To determine prostate cancer screening performance using prostate specific antigen (PSA) along with other markers, expressing markers in age-specific multiples of the median (MoM), and age.

A prospective nested case-control study used stored serum from 571 men who died of, or with history of, prostate cancer (cases), and 2169 matched controls. Total, free and intact PSA, human kallikrein-related peptidase 2 (hK2), and microseminoprotein were measured and converted into MoM values. Screening marker distribution parameters were estimated in cases and controls.
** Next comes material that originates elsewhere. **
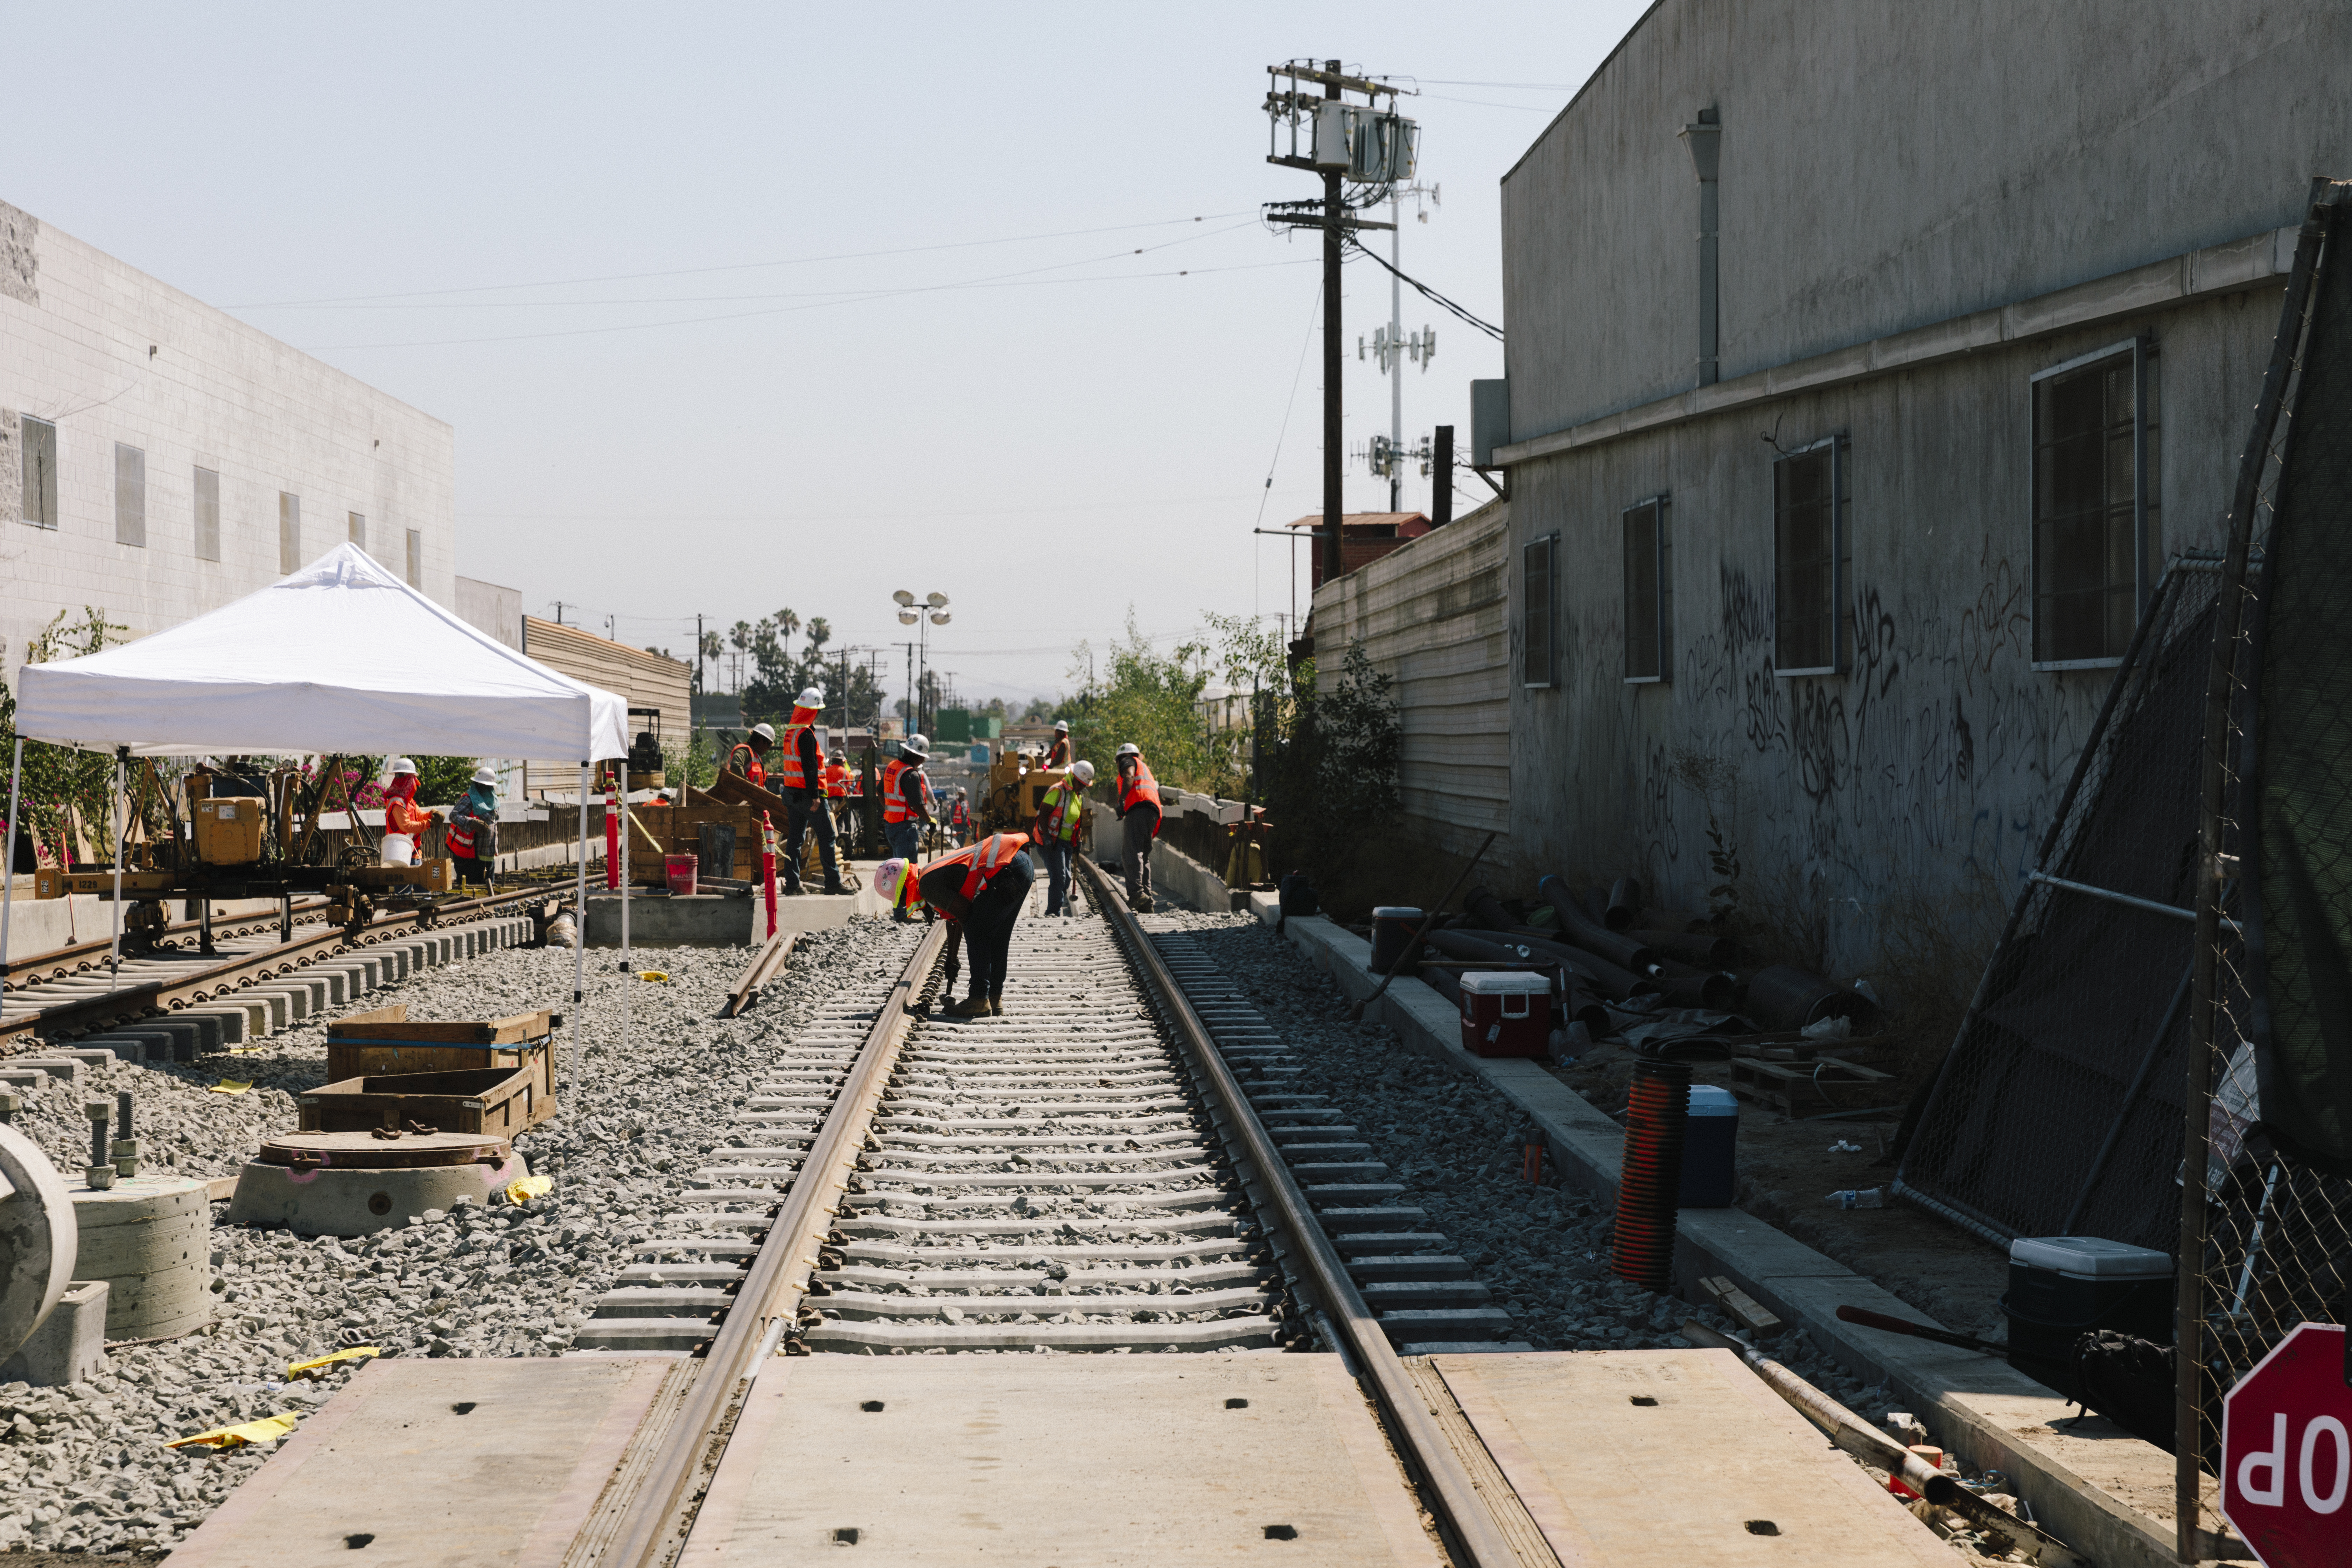 Metro's Crenshaw/LAX Line opening delayed to 2020

Monte Carlo simulation used these in a risk-based algorithm to estimate screening performance (detection rates [DRs] and false-positive rates [FPRs]).

Almost all (99%) cases occurred aged ≥55. Marker values were similar in cases who did and did not die of prostate cancer. Combining age, total PSA and hK2 MoM values (other markers added little or no discrimination) yielded a 1.2% FPR (95% CI 0.2-4.8%) for a 90% DR (59-98%) in men who died of or with a prostate cancer diagnosis within 5 years of blood collection (risk cut-off 1 in 20), two-thirds less than the 4.5% FPR using total PSA alone measured in ng/ml for the same 90% DR (cut-off 3.1 ng/ml). Screening performance over 10 years yielded a 33% (22-46%) FPR for a 90% DR.
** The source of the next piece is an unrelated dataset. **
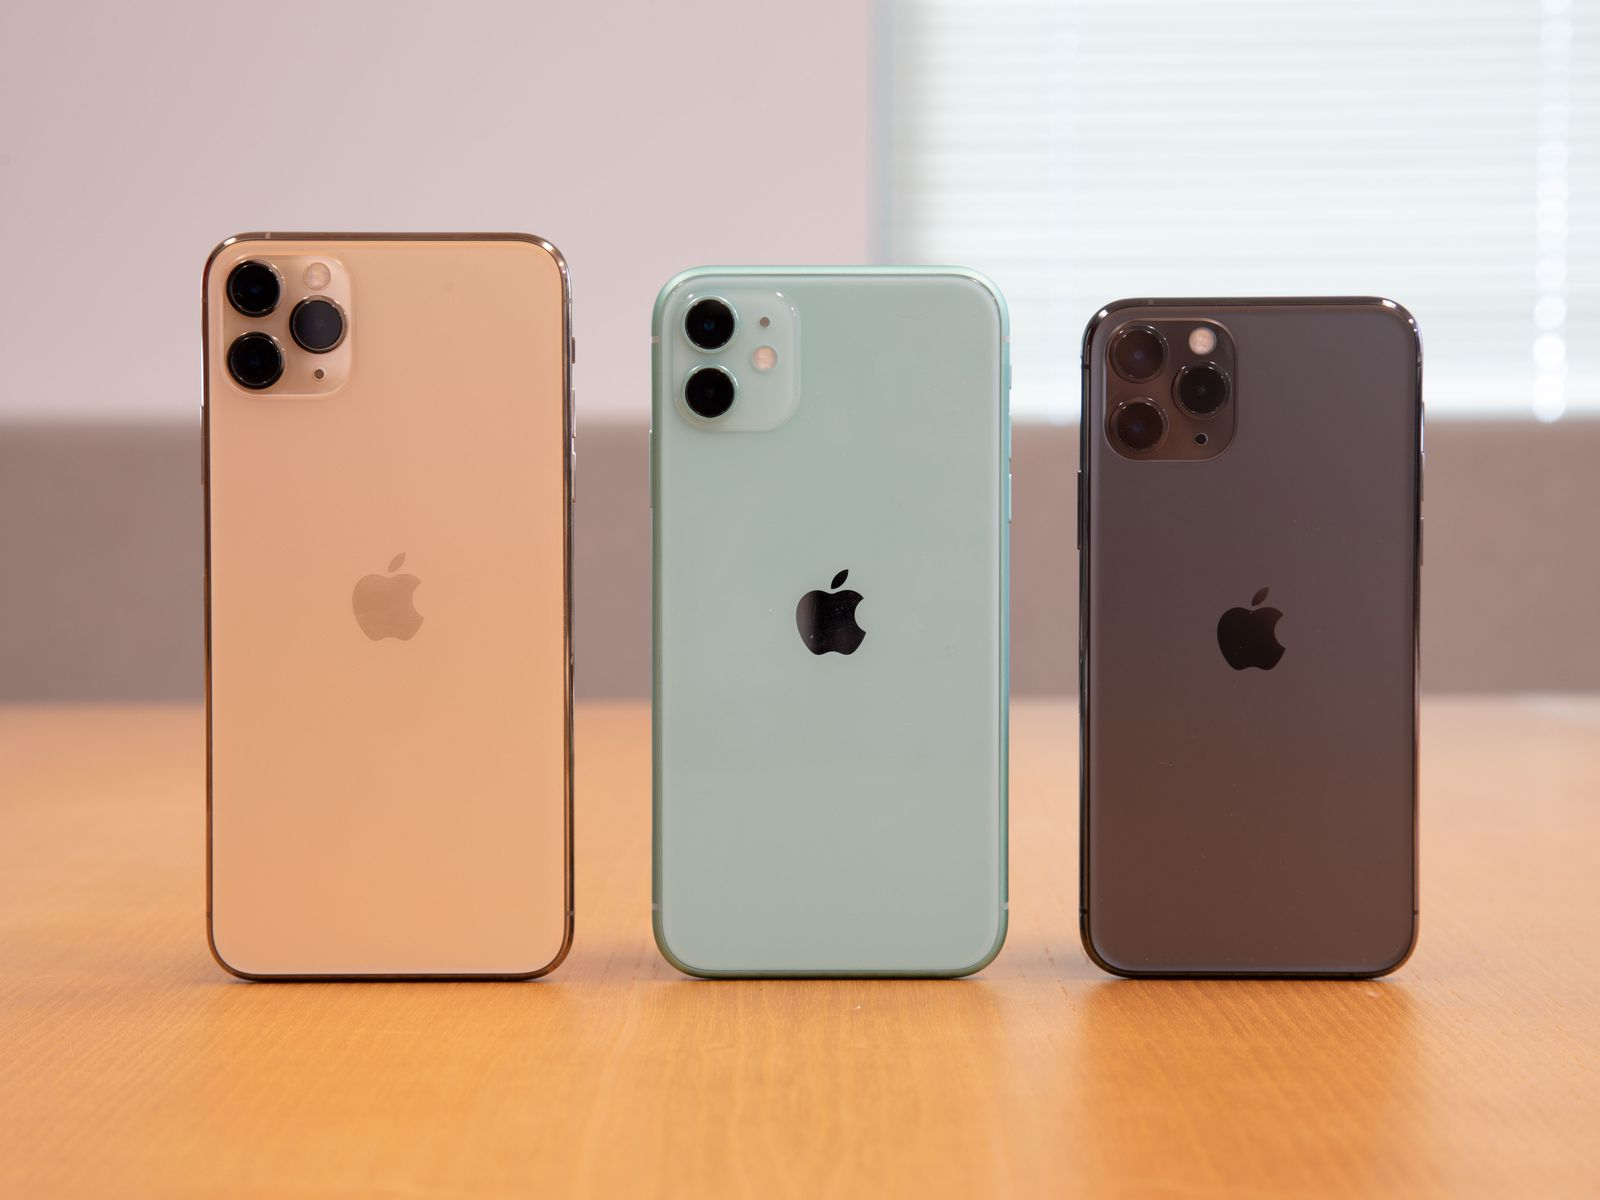 iPhone 11 系列需求創新高 大陸市場銷售急增 230%   香港 unwire.hk 玩生活.樂科技

Screening performed up to every 5 years from age 55 using the multi-marker risk-based screening algorithm for future prostate cancer achieves a high DR and a much lower FPR than using PSA alone, resulting in reductions in overdiagnosis and overtreatment.

Journal of medical screening. 2022 Mar 07 [Epub ahead of print]

Nicholas J Wald, Jonathan P Bestwick, Joan K Morris

Institute of Health Informatics, 4919University College London, London, UK., Wolfson Institute of Population Health, 4617Queen Mary University of London, London, UK., Population Health Research Institute, 4915St George's University of London, London, UK.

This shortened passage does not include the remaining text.